"""

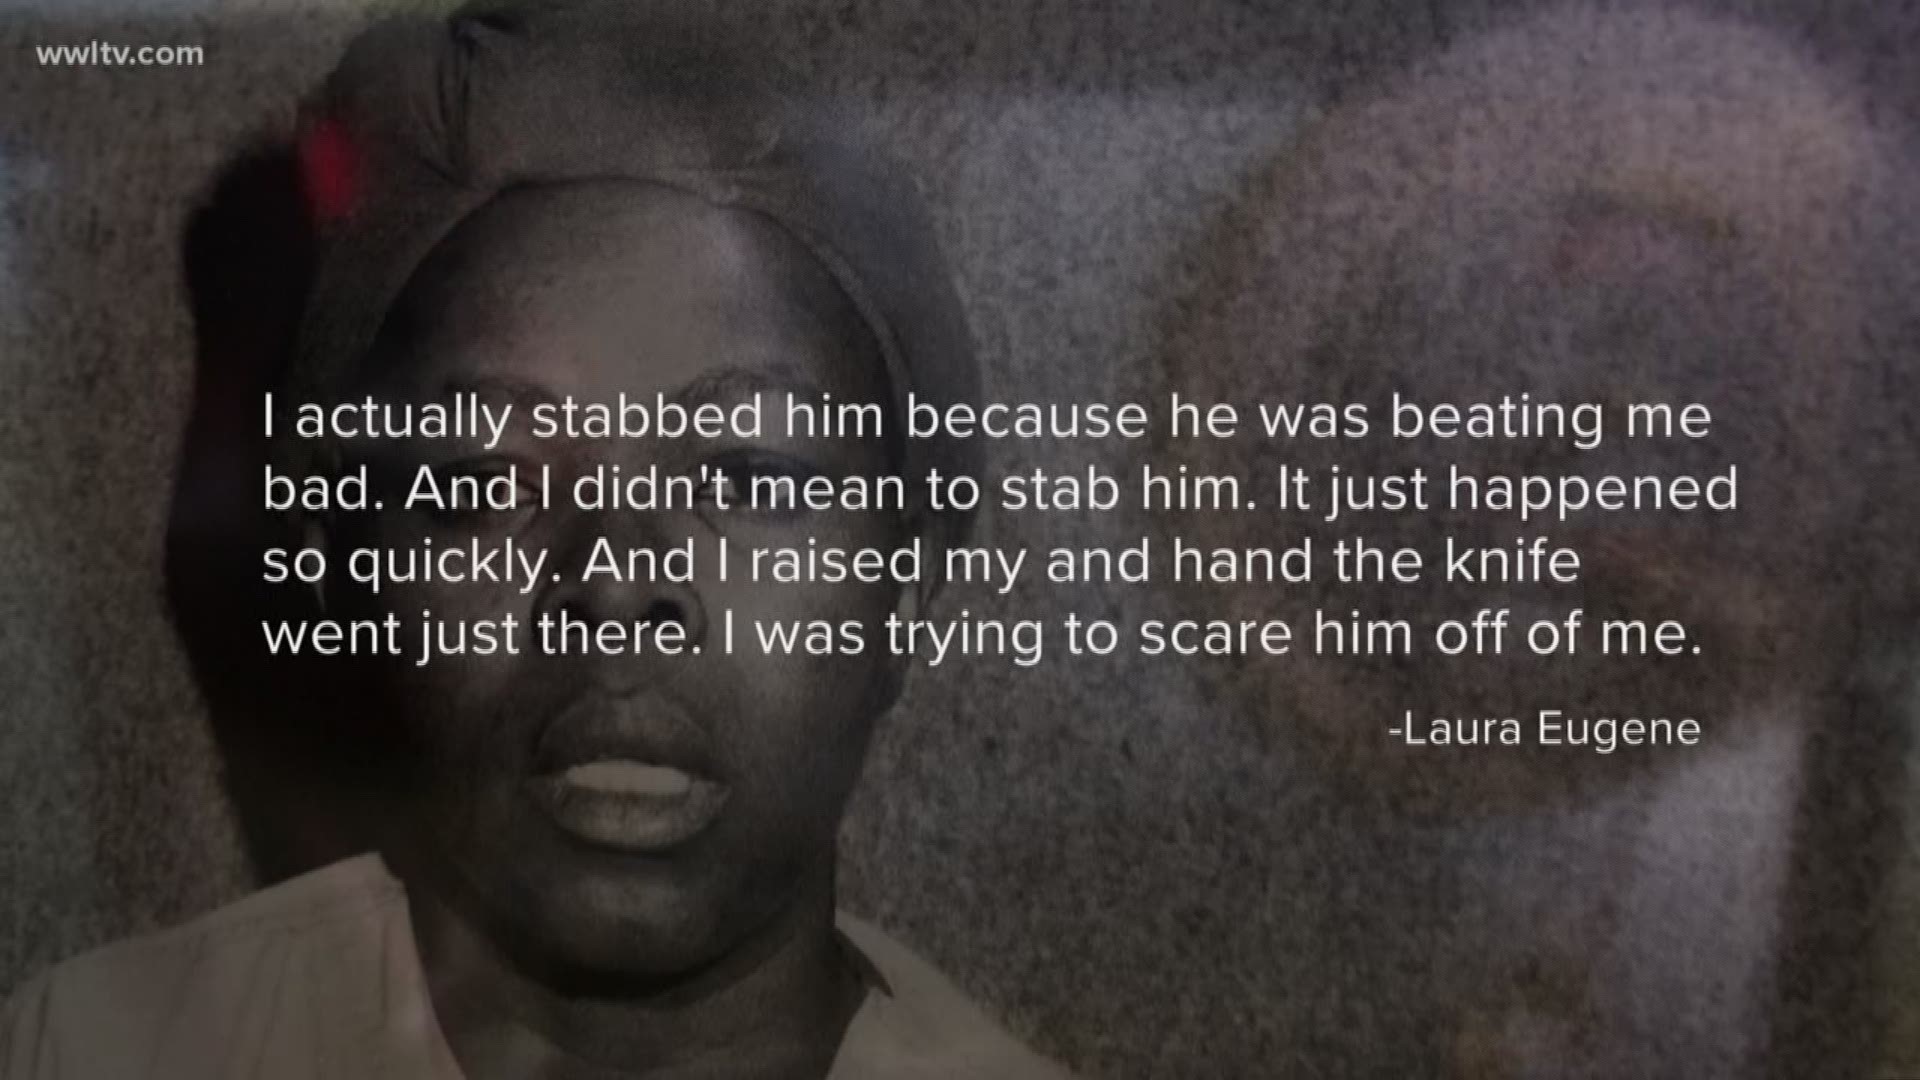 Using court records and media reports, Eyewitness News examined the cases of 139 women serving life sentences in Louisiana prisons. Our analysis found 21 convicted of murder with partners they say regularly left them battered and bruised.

"""
"""

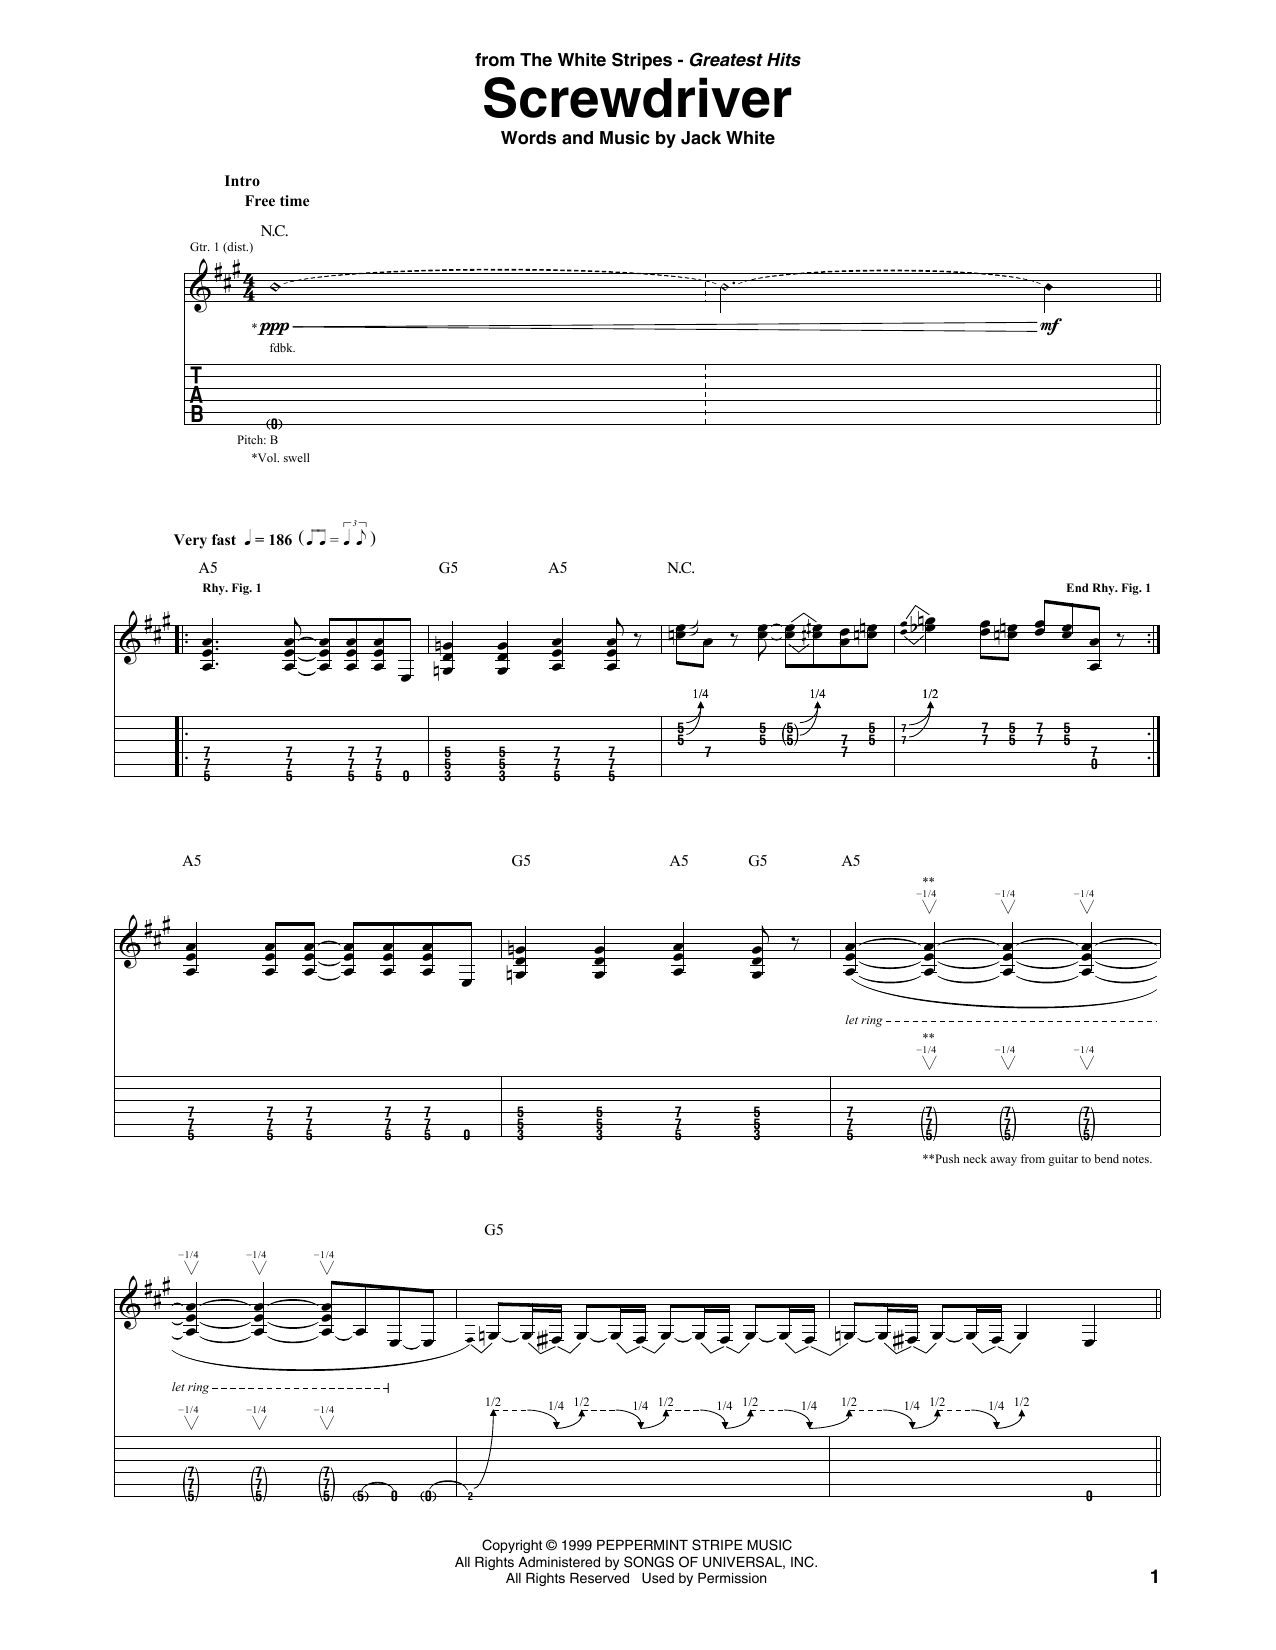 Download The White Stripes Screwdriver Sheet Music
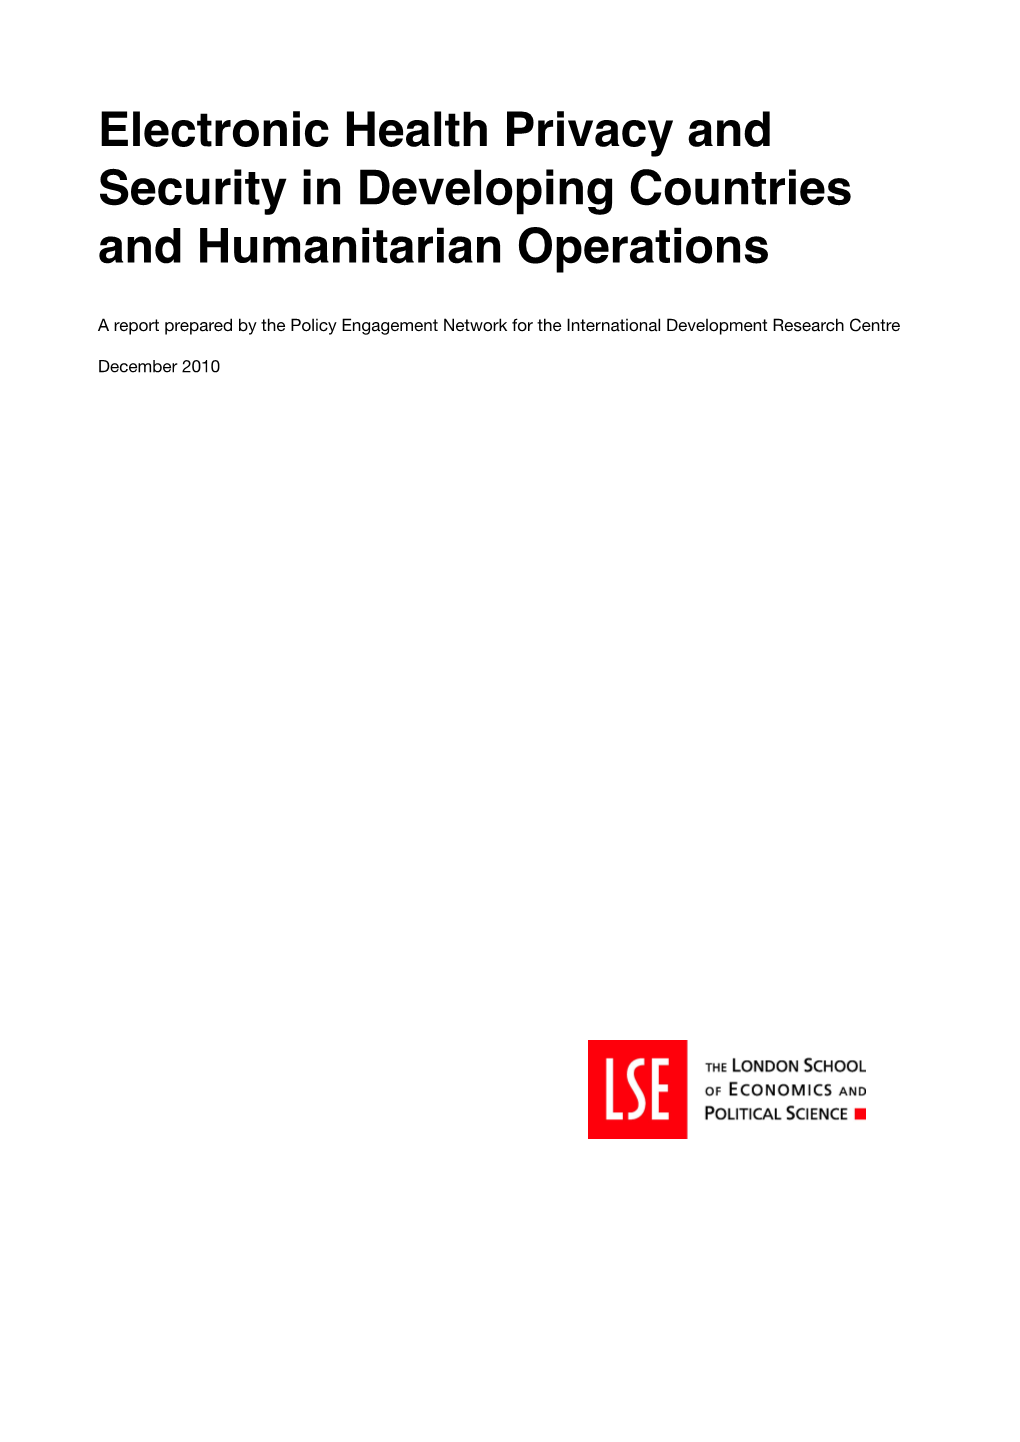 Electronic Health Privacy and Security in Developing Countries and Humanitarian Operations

"""
"""

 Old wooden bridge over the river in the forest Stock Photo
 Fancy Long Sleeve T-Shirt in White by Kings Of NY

"""

• Exercise
Reproduce, word for word, everything in the listing above from the line containing "Download The White" down to the line containing "Electronic Health Privacy", both of them included. No pictures.

• Task answer
 Download The White Stripes Screwdriver Sheet Music
 Electronic Health Privacy and Security in Developing Countries and Humanitarian Operations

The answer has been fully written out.